◆ Exercise instructions: Each line of the data must be given back verbatim, with pictures removed.

◆ Collected data:

*** Begin section ***

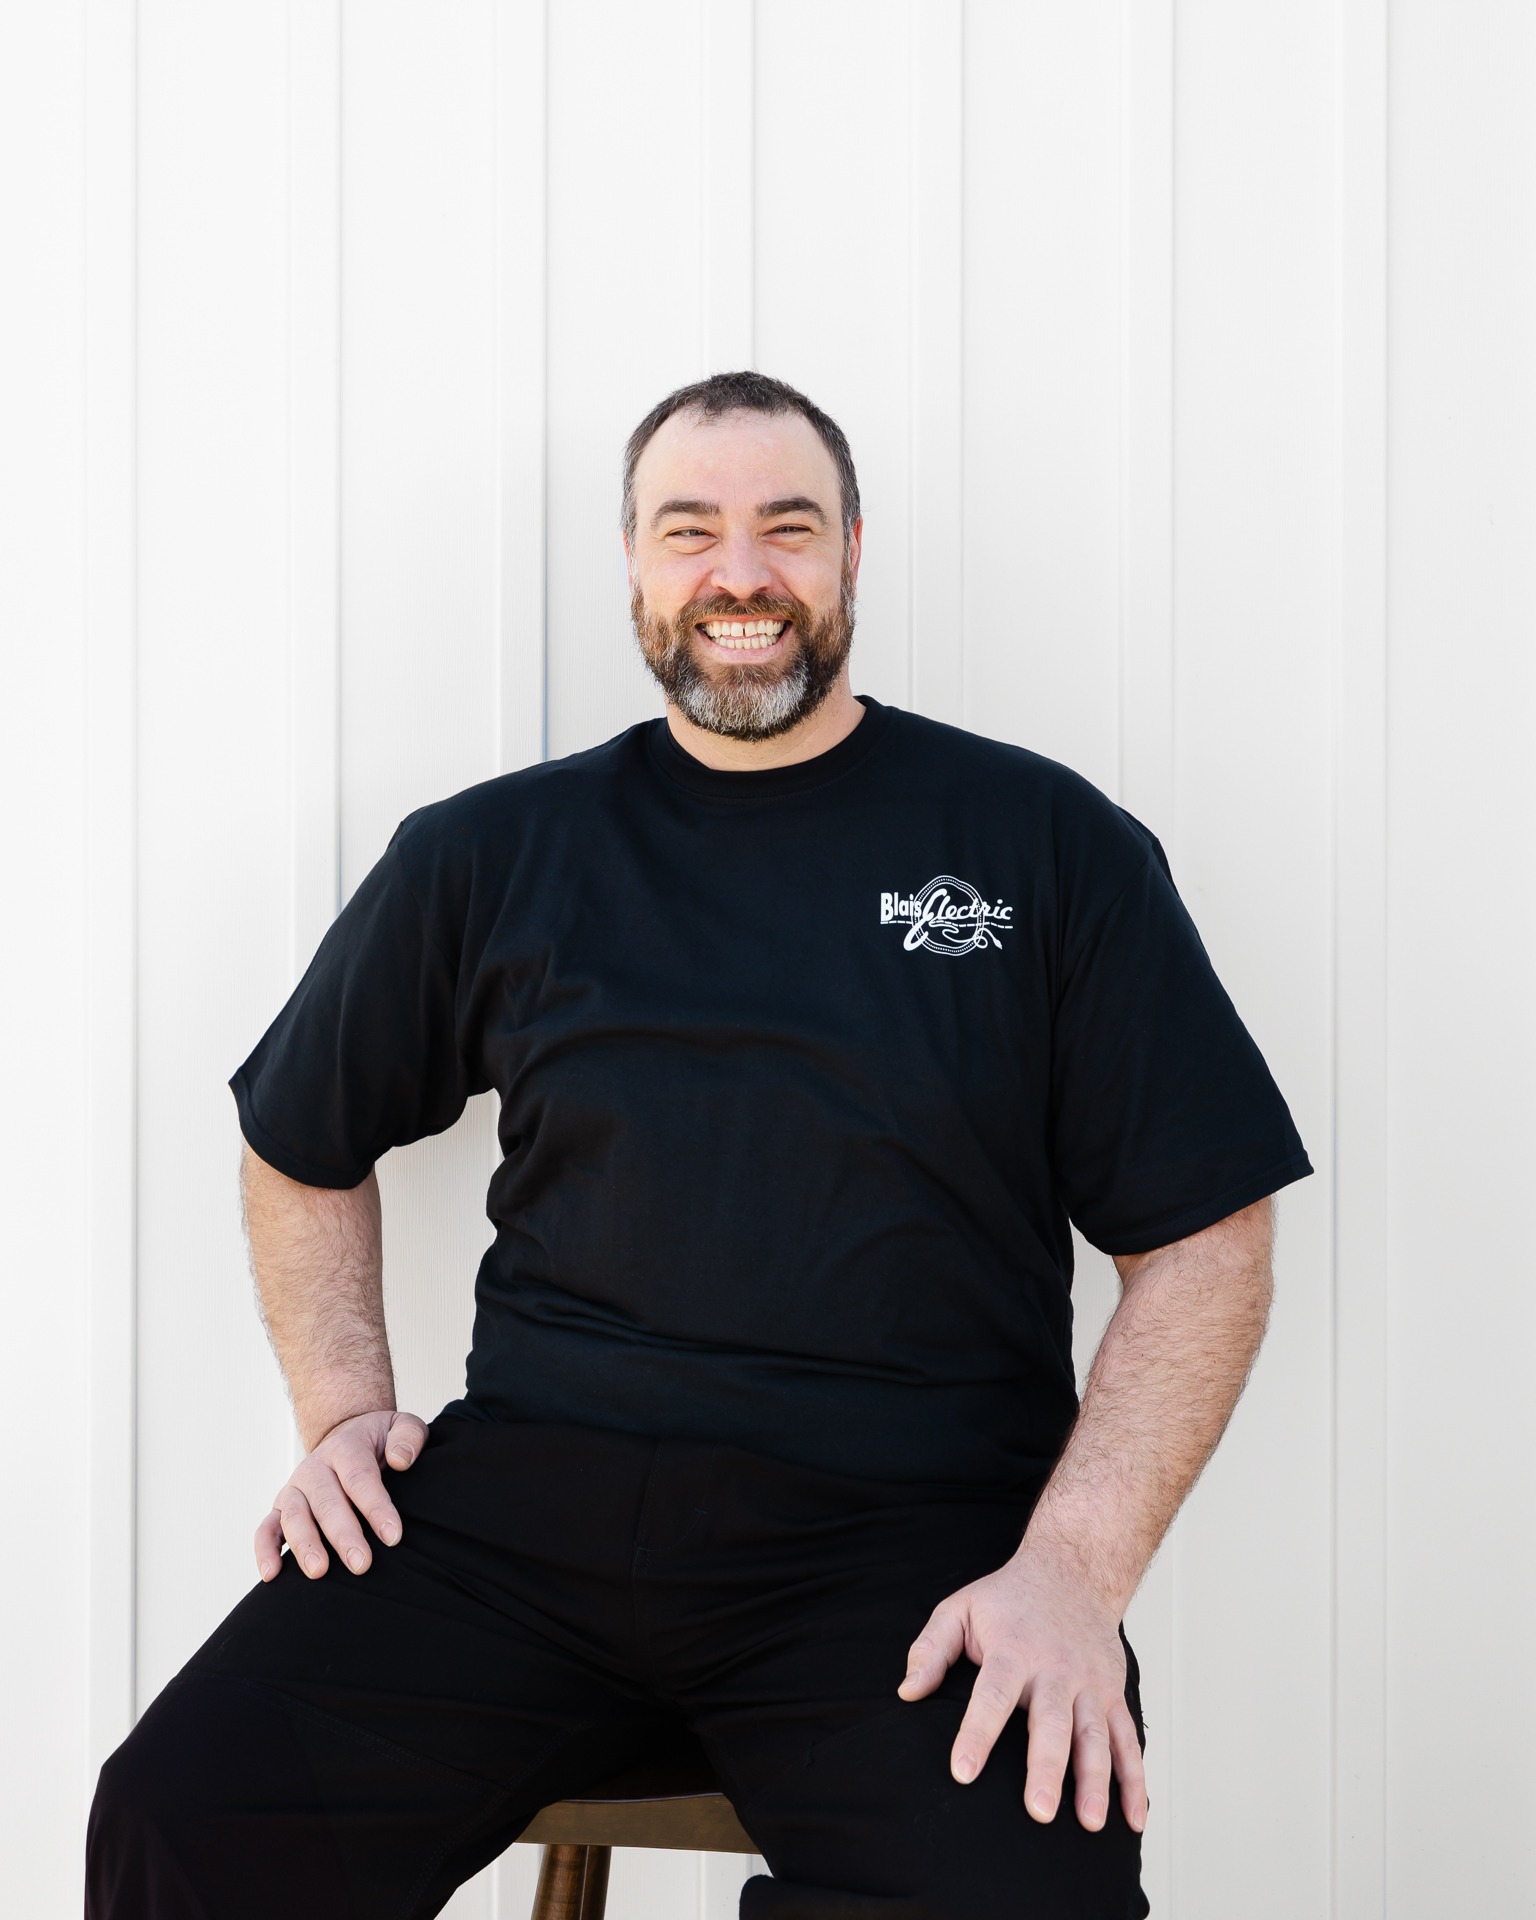 A person with a beard smiles, sitting relaxed on a stool, wearing a black T-shirt with a logo, against a white vertical siding background.
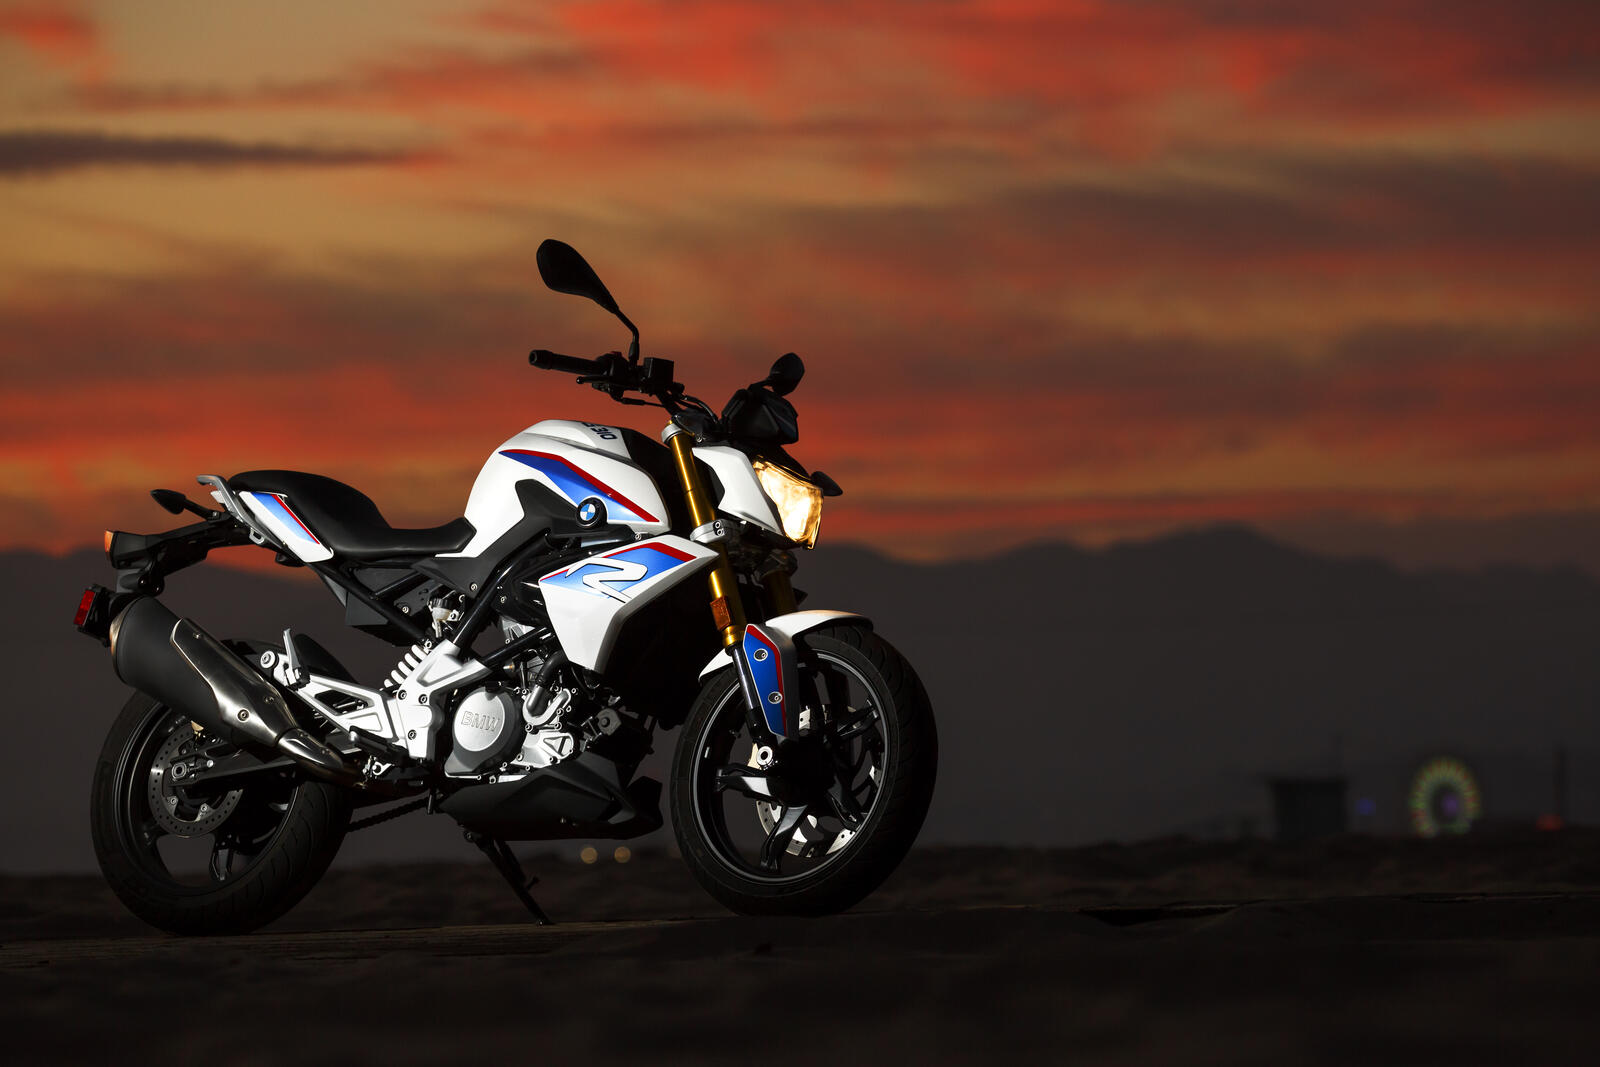 Wallpapers motorcycles BMW cars on the desktop
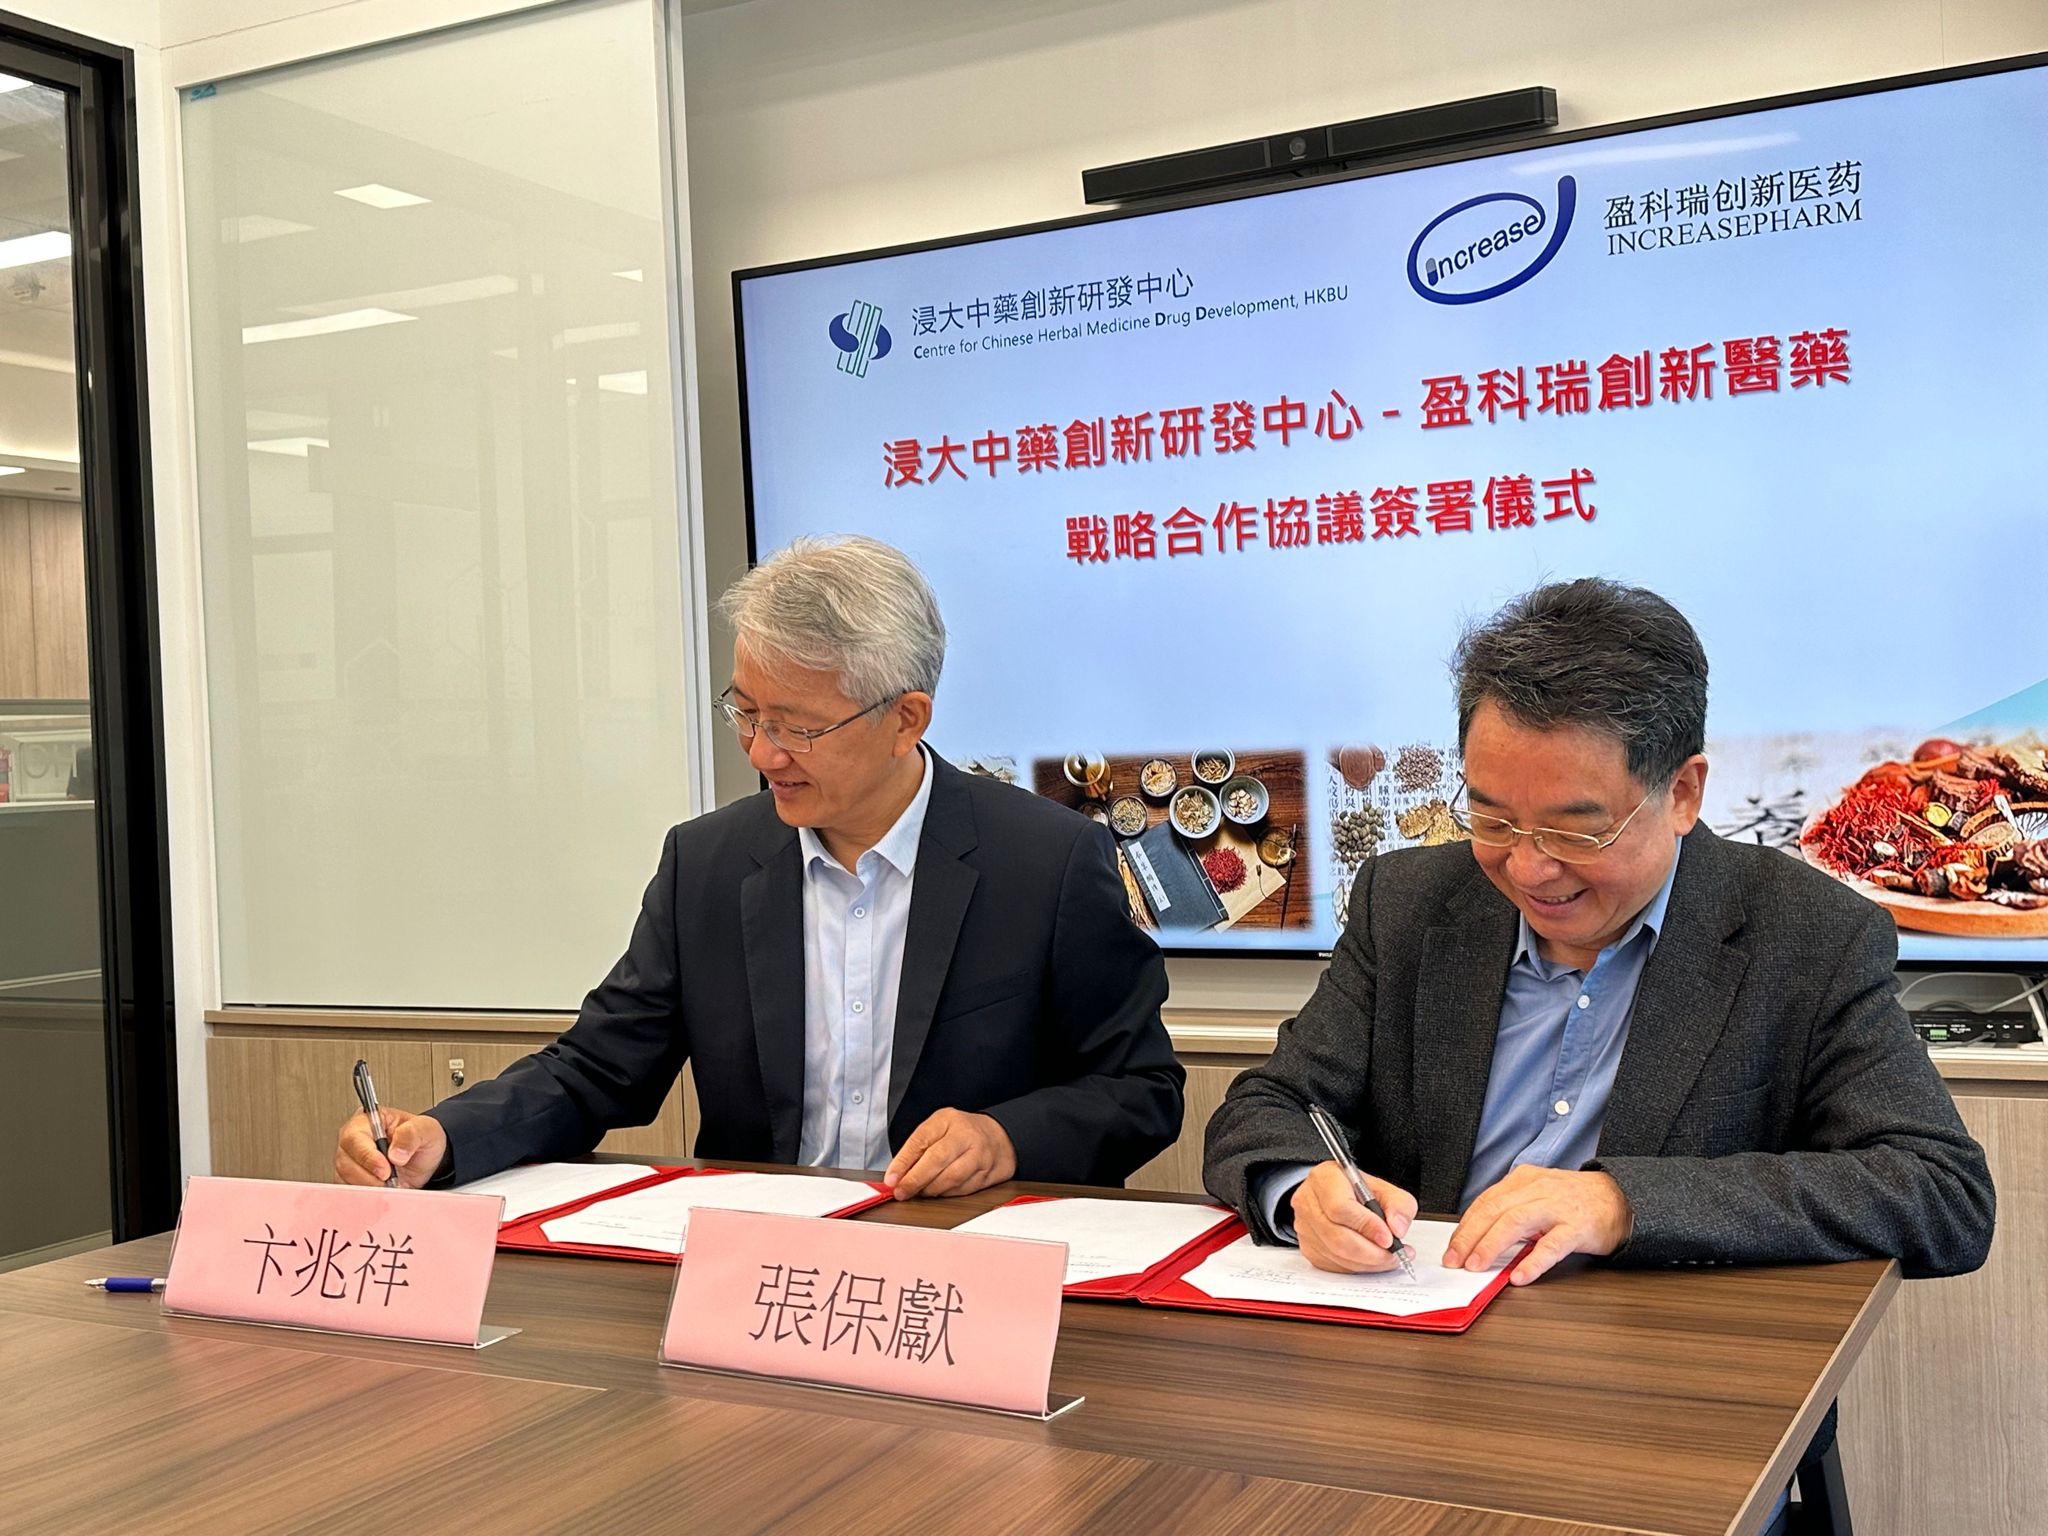 Centre for Chinese Herbal Medicine Drug Development and Beijing Increasepharm Corporation collaborate to develop Chinese medicine

*** End section ***

◆ Answer area:
 A person with a beard smiles, sitting relaxed on a stool, wearing a black T-shirt with a logo, against a white vertical siding background.
 Wallpapers motorcycles BMW cars on the desktop
 Centre for Chinese Herbal Medicine Drug Development and Beijing Increasepharm Corporation collaborate to develop Chinese medicine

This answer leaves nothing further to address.